Landwirt mit Tierhaltung überfordert

Eine Bestandsräumung hat immer – so auch in diesem Fall – eine längere Vorgeschichte. Der Betrieb war nicht immer in einem schlechten Zustand, aber in den letzten Jahren galt der allein lebende Landwirt zunehmend mit der Tierhaltung überfordert. Nachdem seine Mutter vor einigen Jahren gestorben war, kam Wilfried Z. mit der Arbeit nicht mehr klar. Gebäude und Zäune waren in schlechtem Zustand und die Versorgung mit Futter und Wasser unregelmäßig. Dadurch sind die Rinder immer wieder ausgebrochen und kilometerweit umhergestreift.
Zwischenzeitlich wurde die Herde zu einem anderen Landwirt gebracht, um Wilfried Z. Gelegenheit zu geben, die Zustände zu verbessern. Außerdem bekam er einen Landwirt zur Seite gestellt, der ihm helfen sollte, hatte diese Hilfe dann aber wieder abgelehnt.

Auflagen ignoriert

Das Veterinäramt stellte zwar keine Verwahrlosung der Tiere fest, aber sehr wohl die Überforderung des Bauern. Doch nach Rückkehr der Tiere blieb alles beim alten. Die Auflage aus dem Sommer 2014, nach der er nur noch fünf Tiere halten dürfte, ignorierte der Landwirt weiterhin. Angeblich betrachtete er seine Rinder als seine einzigen Freunde.

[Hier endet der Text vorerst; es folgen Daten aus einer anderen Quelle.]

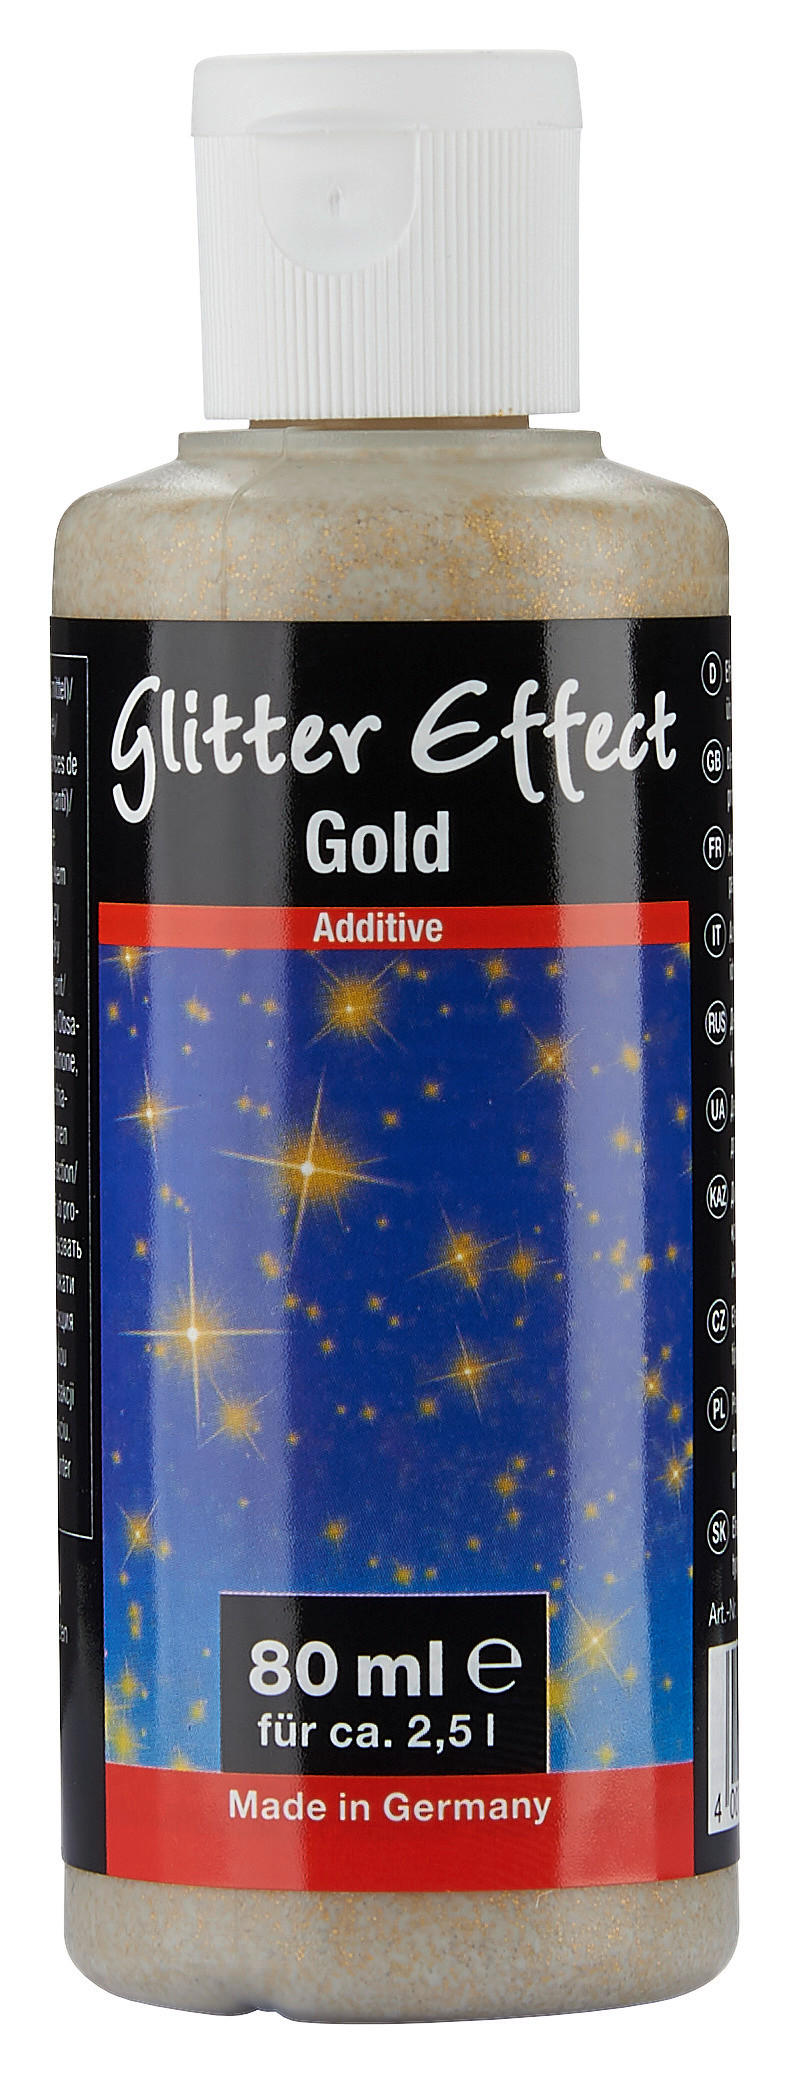 Glitter Effect gold ca. 0,08 l Glitter_Effect 80ml - gold (80ml)

Keine erste Hilfe möglich?

Laut Aussage eines Nachbarn war der Mann in Brandenburg nicht sofort tot. Der Landwirt habe aber alle Personen mit dem Gewehr bedroht, die dem Verletzten helfen wollten. Da der Betrieb mitten in der kleinen Ortschaft liegt, gab es viele Zeugen. Bis zum Eintreffen von Polizei und Krankenwagen sollen angeblich 45 Minuten vergangen sein. Zu diesem Zeitpunkt war der Amtsmitarbeiter verblutet, die Hilfe kam zu spät.

Unser Mitgefühl gilt den Angehörigen des Getöteten.

Ausführlich berichtet die Märkische-Oderzeitung über den Fall. Aus diesem Bericht stammt auch der screenshot/das Aufmacherfoto dieses Artikels.